Let me close by underscoring that last point. UN organisations could well benefit from a disruptive innovation approach to programmatic change. Disruptive innovators might ask: instead of building health clinics, why not provide refugees with medical insurance? Instead of giving people food and non-food items, perhaps their autonomy would be enhanced if we gave them cash assistance? Instead of talking about the three sustainable solutions of return, resettlement and local integration, should we talk about a fourth, destabilising solution of labour migration, giving people work visas? These are potentially paradigm-shifting kinds of interventions.

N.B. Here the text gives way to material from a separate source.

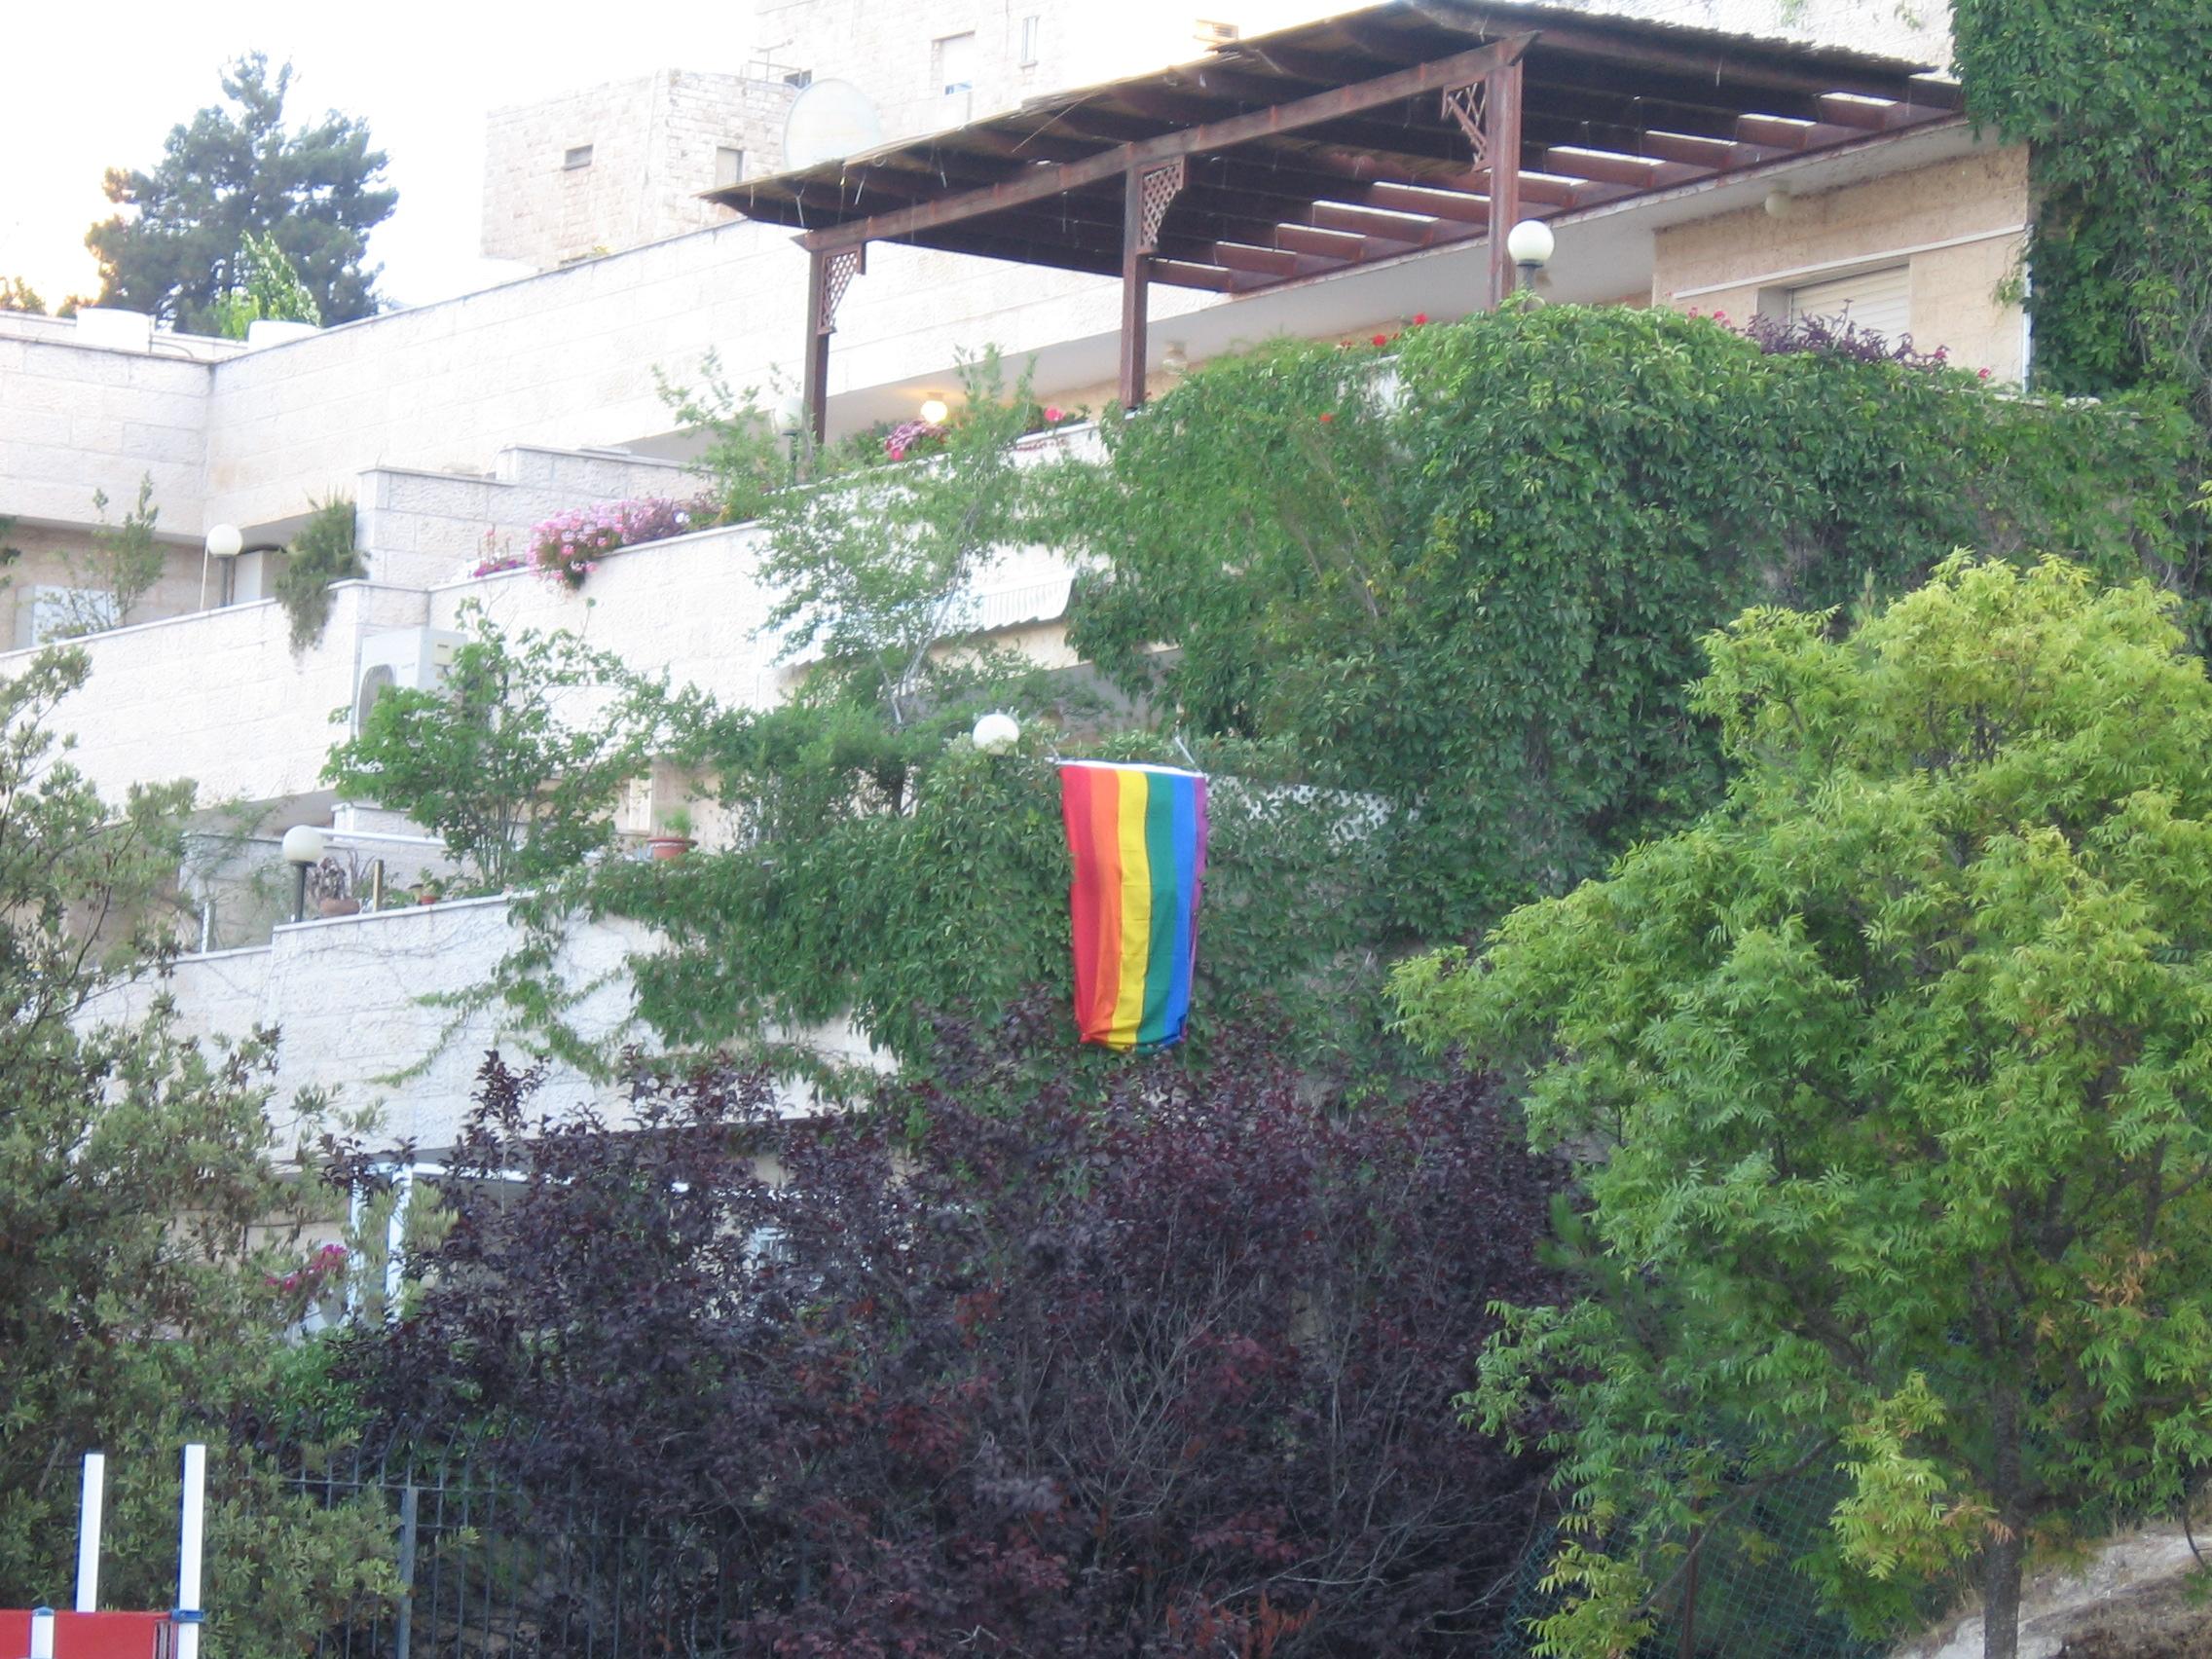 דגל הגאווה תולה על המרפסת שלנו

We have created and we maintain a regime, an industry, a culture, of dependency through which humanitarian relief becomes long-term assistance. We know that we do not move quickly enough from relief to development and reconstruction, and that we do not have adequate strategies to foster self-reliance among displaced populations. This needs to change. We need new approaches that merge humanitarian and development programmes into a new paradigm for improving the lives of the millions of displaced persons in today’s world. This is a disruptive thought that has both deep programmatic and product implications, and it will surely face the usual obstacles to innovation – entrenched interests, and entrenched ways of thinking and acting.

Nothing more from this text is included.